[DATA EXCERPT]
================

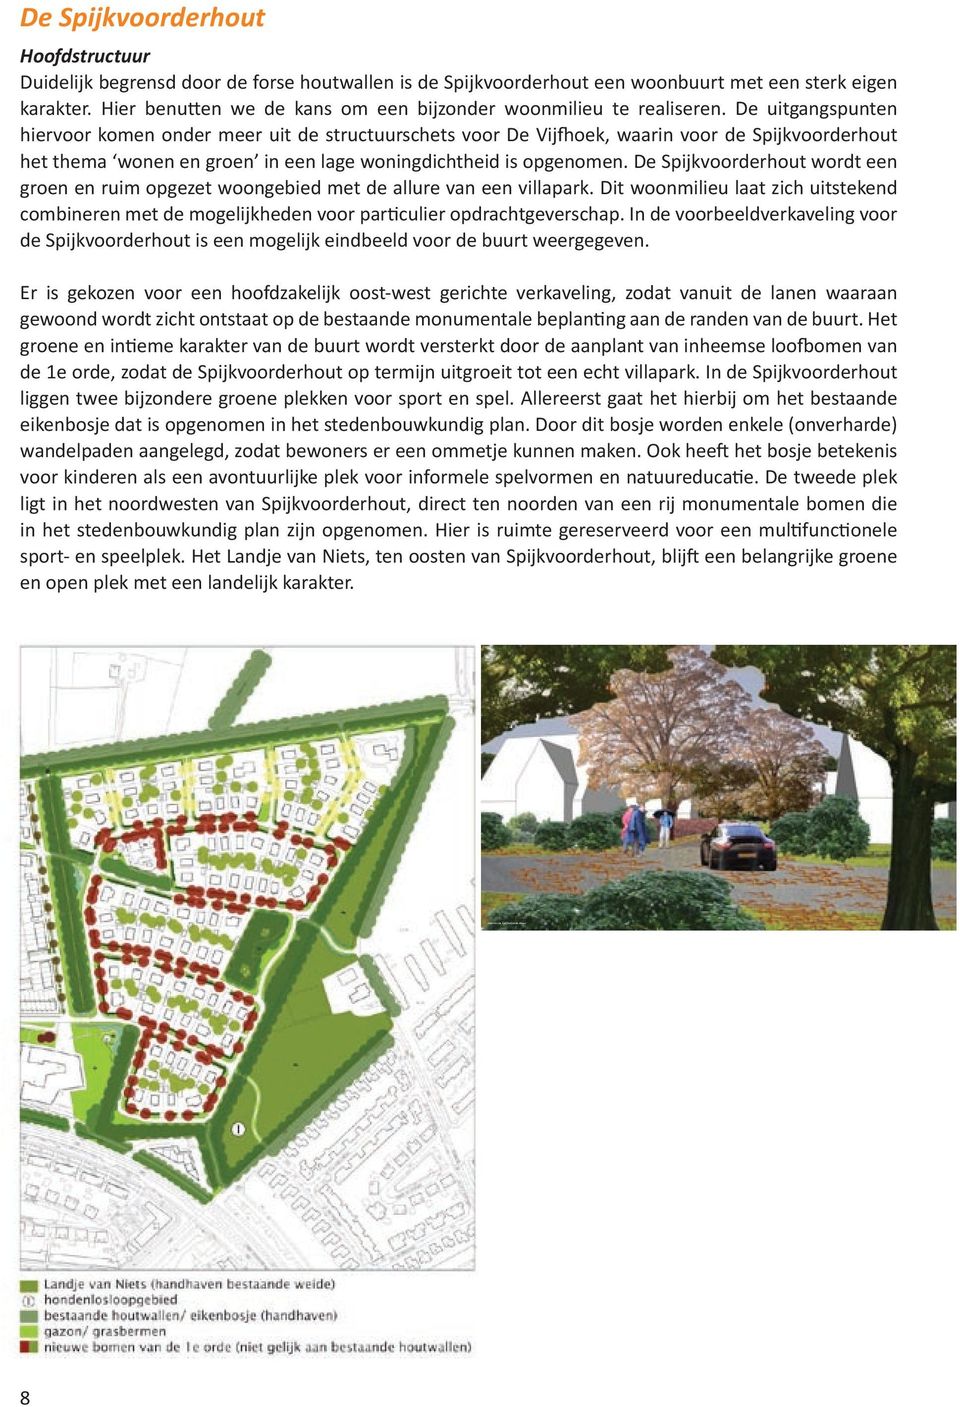 De uitgangspunten hiervoor komen onder meer uit de structuurschets voor De Vijfhoek, waarin voor de Spijkvoorderhout het thema wonen en groen in een lage woningdichtheid is opgenomen.
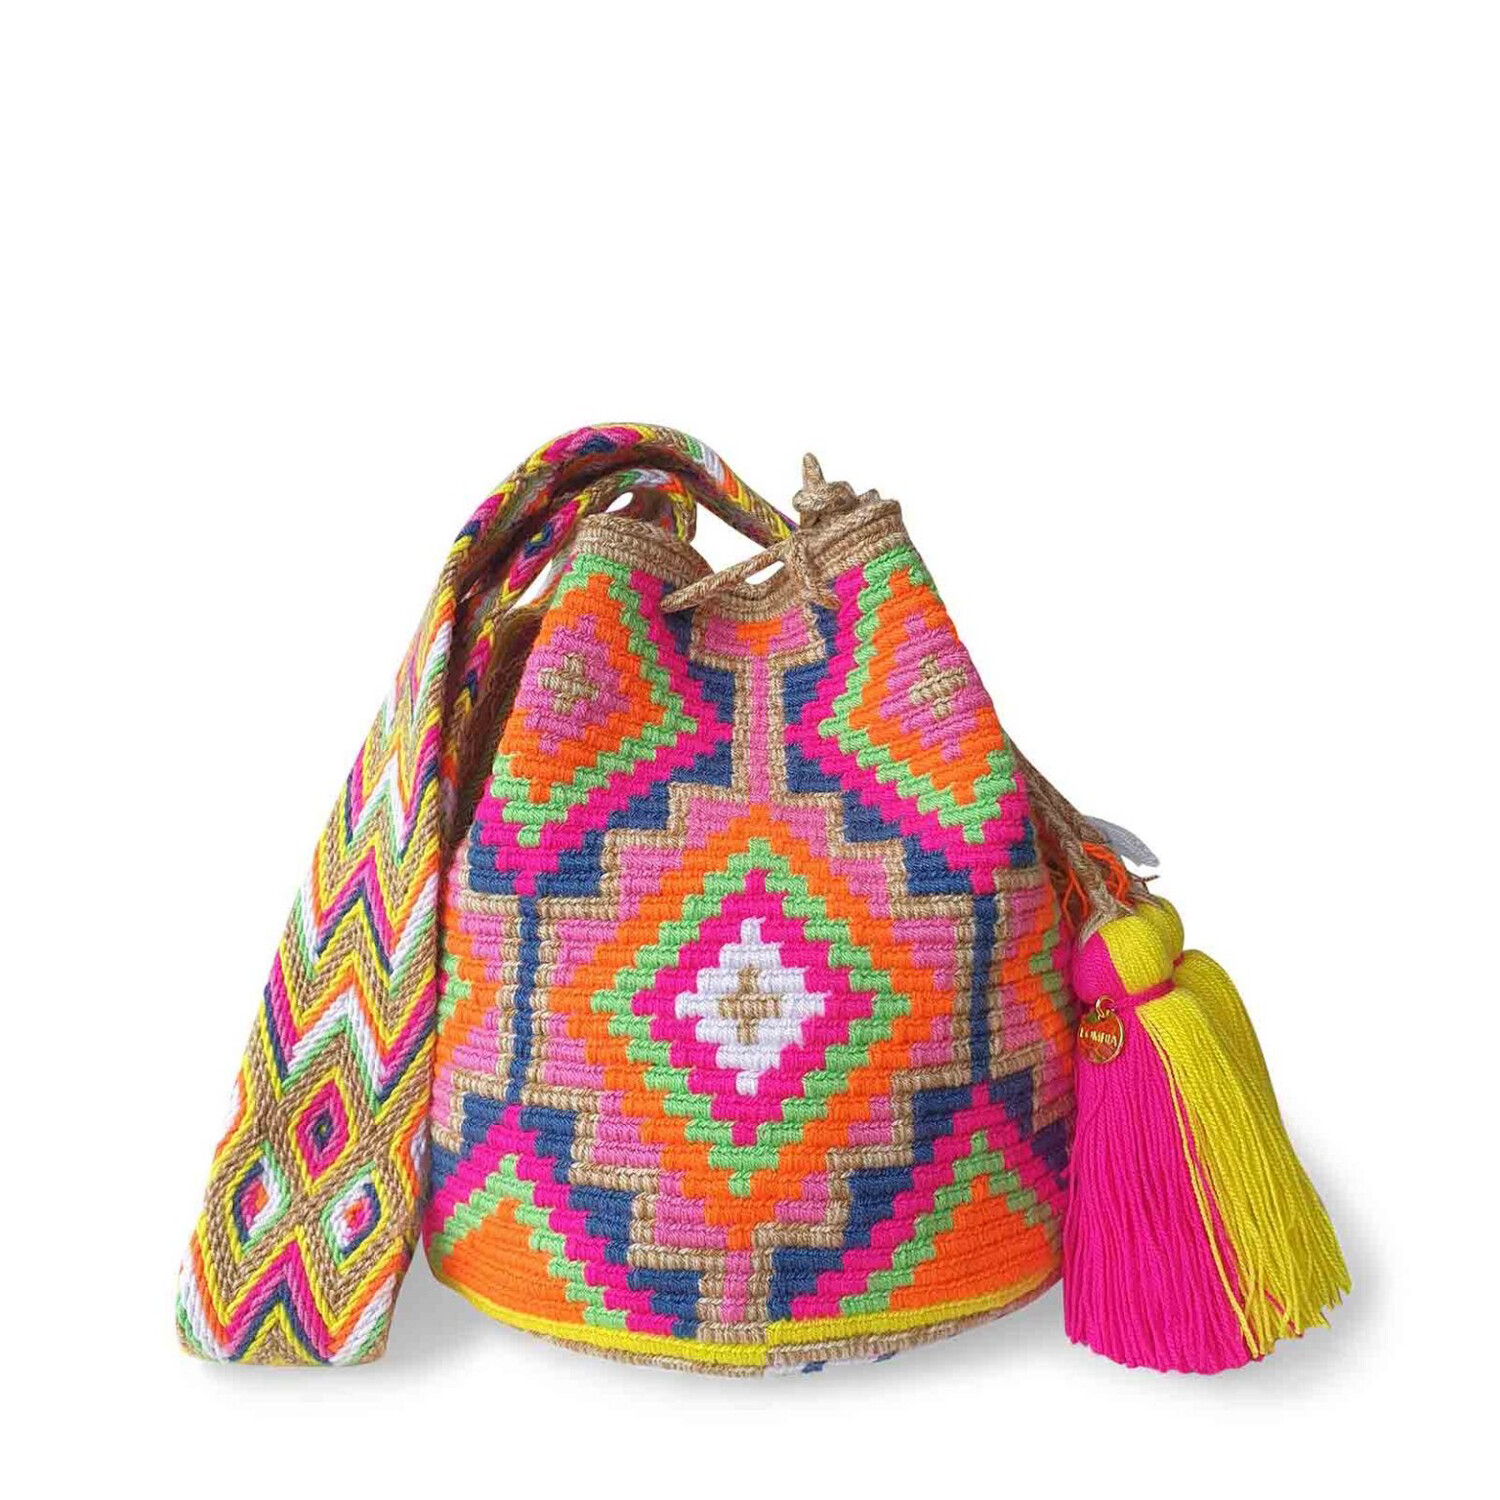 Lombia, Raya Wayuu Crochet Bag
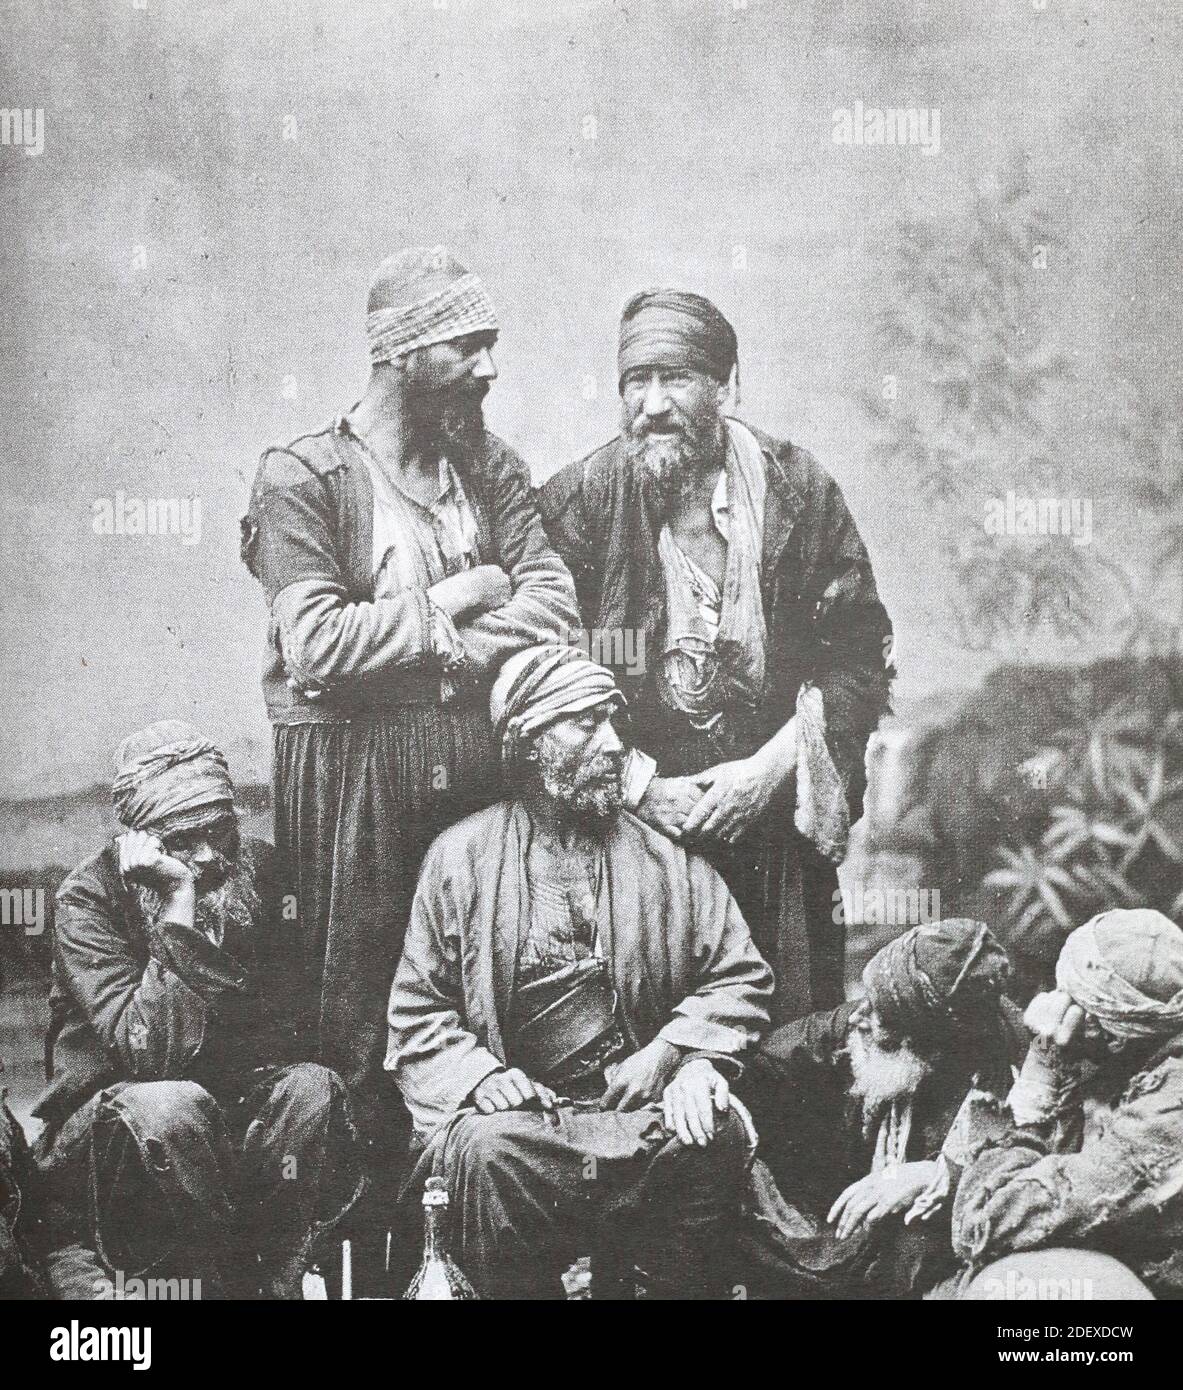 Jews in the Ottoman Empire in 1880. Stock Photo
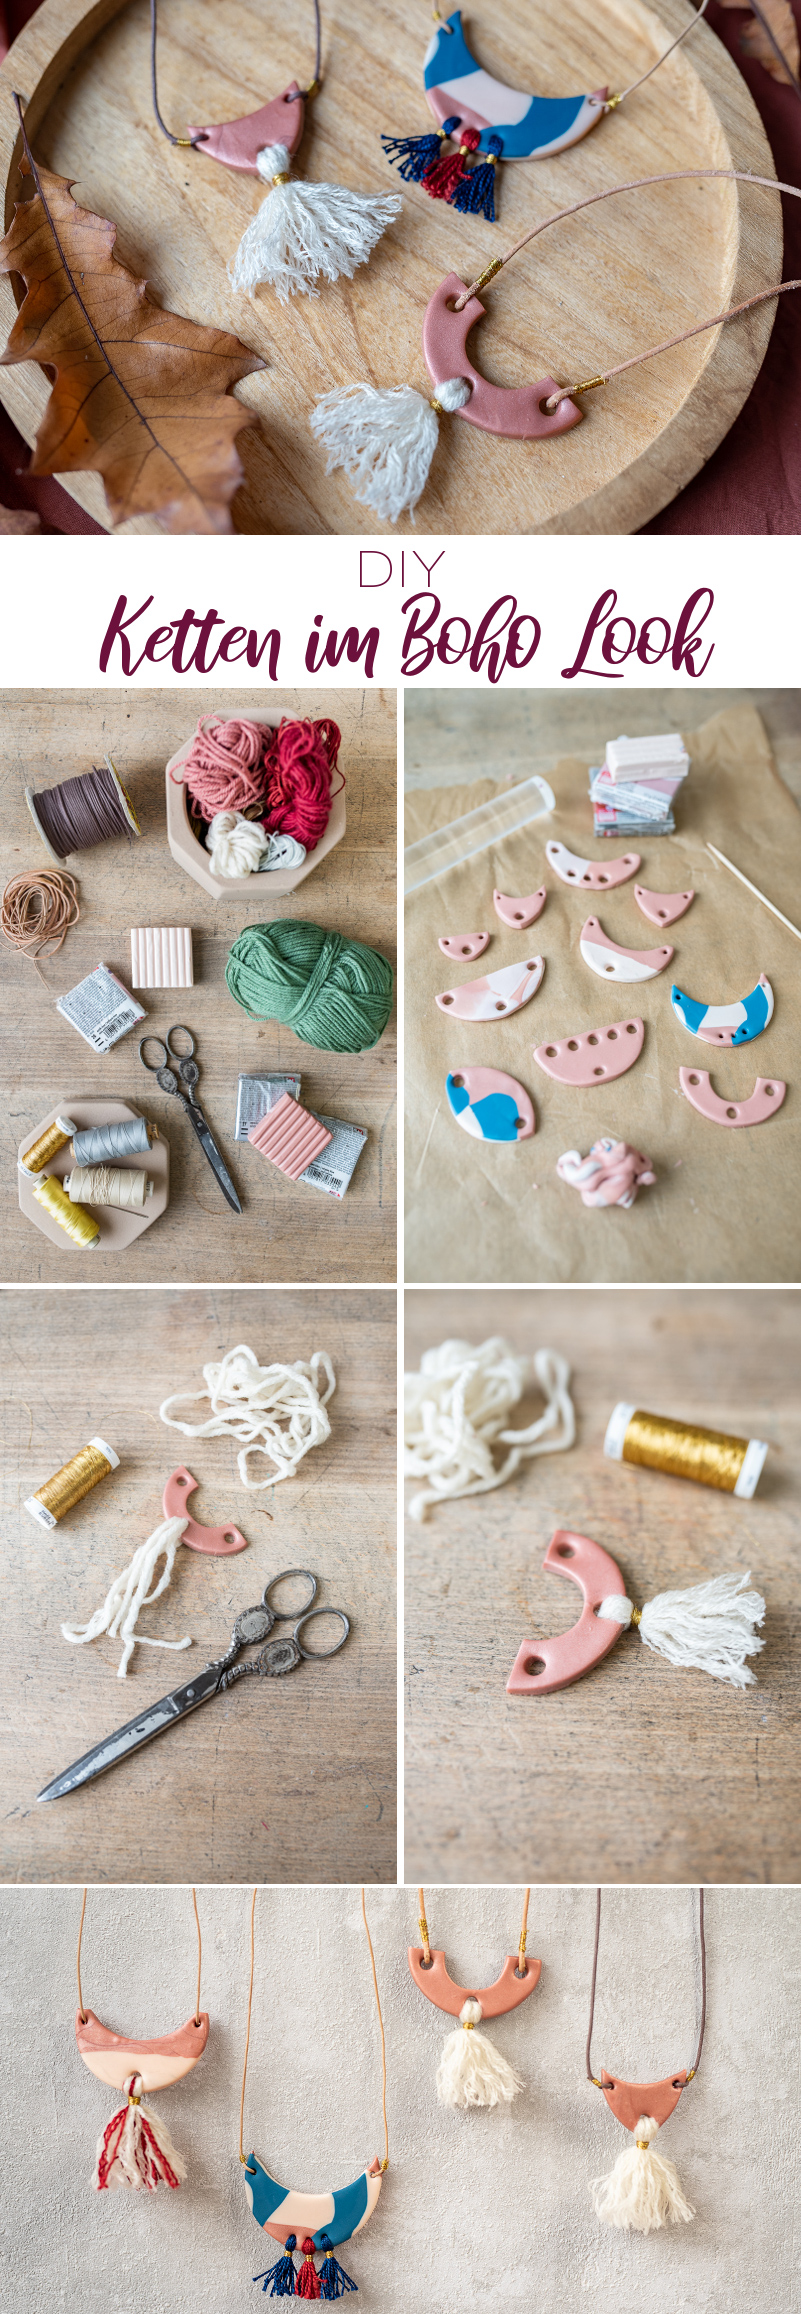 Anleitung für selbst gemachte DIY Geschenke zu Weihnachten für Ketten aus Fimo mit Wolle im Boho Look als Weihnachtsgeschenk für die Freundin

================

[ASSIGNMENT] Output only the lines from the start of the data through the line that holds "Jews in the". Keep them exact and leave the pictures out.

[ANSWER FOR THIS EXERCISE]
 De uitgangspunten hiervoor komen onder meer uit de structuurschets voor De Vijfhoek, waarin voor de Spijkvoorderhout het thema wonen en groen in een lage woningdichtheid is opgenomen.
 Lombia, Raya Wayuu Crochet Bag
 Jews in the Ottoman Empire in 1880. Stock Photo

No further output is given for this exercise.